# slp maf sensor



## 04 ls1 gto (Dec 22, 2008)

im looking to buy one, just want to know if there any good.

current mods are, slp 85mm thorttle body k&n intake stright pips b&m short throw.

just wanting to know if i should waste my money


----------



## REDGTO89 (Jul 19, 2008)

I asked the same Question while back and most of them told me it wasnt worth it!! but its all up to you


----------



## alsgto04 (Nov 21, 2007)

Ive heard the same also that its a waste of money that your better of with your stock one.


----------



## Rukee (Feb 8, 2007)

Aren't they more for a heavily MOD'd engine?


----------



## GM4life (Mar 18, 2007)

Don't bother, the stock one flows enough air. I installed MAF ends on my stock one, I advise a tune when you do that because you may or may not throw a check engine light.


----------



## svede1212 (Nov 1, 2005)

gm4life said:


> Don't bother, the stock one flows enough air. I installed MAF ends on my stock one, I advise a tune when you do that because you may or may not throw a check engine light.


that's if the tuner can tune it. i've seen quite a few over the years that ended up putting the stock one back on after giving up. on a stockish car like the OP's it is a waste. if he cranks up the air flow later thru more major mods a MAFless tune will do him better


----------



## GM4life (Mar 18, 2007)

svede1212 said:


> *that's if the tuner can tune it*. i've seen quite a few over the years that ended up putting the stock one back on after giving up. on a stockish car like the OP's it is a waste. if he cranks up the air flow later thru more major mods a MAFless tune will do him better


Don't understand what your saying. I told the OP that not to bother with the SLP one the stock is fine. People have pulled alot of horsepower through stock MAF's.


----------



## svede1212 (Nov 1, 2005)

gm4life said:


> Don't understand what your saying. I told the OP that not to bother with the SLP one the stock is fine. People have pulled alot of horsepower through stock MAF's.

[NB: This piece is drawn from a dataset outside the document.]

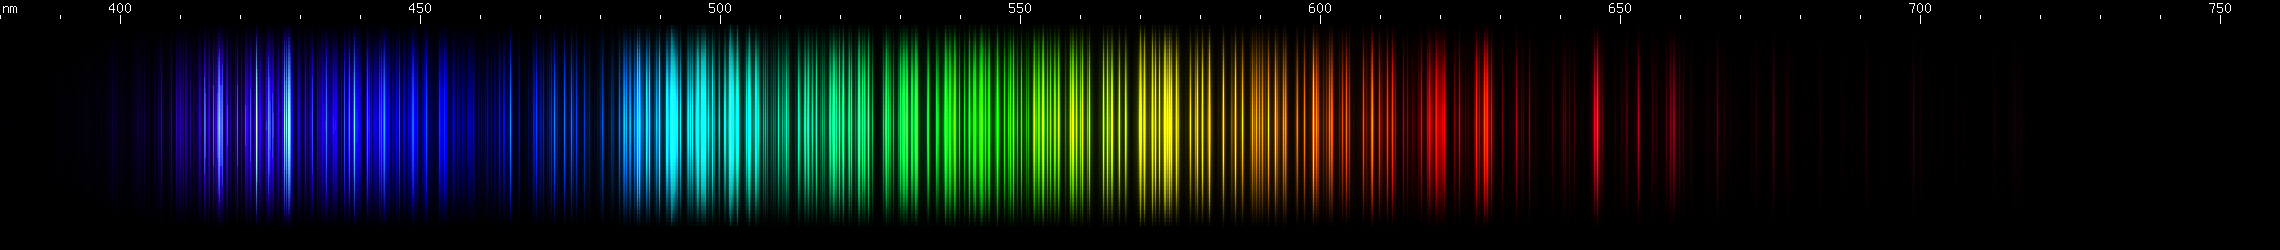 Spectral Lines of Thorium

i've heard that argument and it's true but that's like saying you can pull a lot of HP thru a stock TB. yes you can but you can get more with everything the same and having a ported TB. you can also get a lot of HP with cats but you'll get more without them. i wouldn't get a SLP just because of tuning issues however i know from my own experience and common logic that MAFs are restrictions. my gawd take a real look at it. without a MAF at all i get more HP as evidenced thru my retuning and trap speeds. a MAF, however small, is a restriction. 

for those that don't believe the obvious read some actual measurements of pressure drops thru an intake at various points.


----------



## GM4life (Mar 18, 2007)

Hold on *svede*, don't get butt hurt man. Its not that big of a deal or issue to me I know more than enough about it. People make big deal out of nothing. Besides that I was addressing the OP that he can get plenty of horsepower without spending money on a aftermarket MAF.


----------



## svede1212 (Nov 1, 2005)

gm4life said:


> Hold on *svede*, don't get butt hurt man. Its not that big of a deal or issue to me I know more than enough about it. People make big deal out of nothing. Besides that I was addressing the OP that he can get plenty of horsepower without spending money on a aftermarket MAF.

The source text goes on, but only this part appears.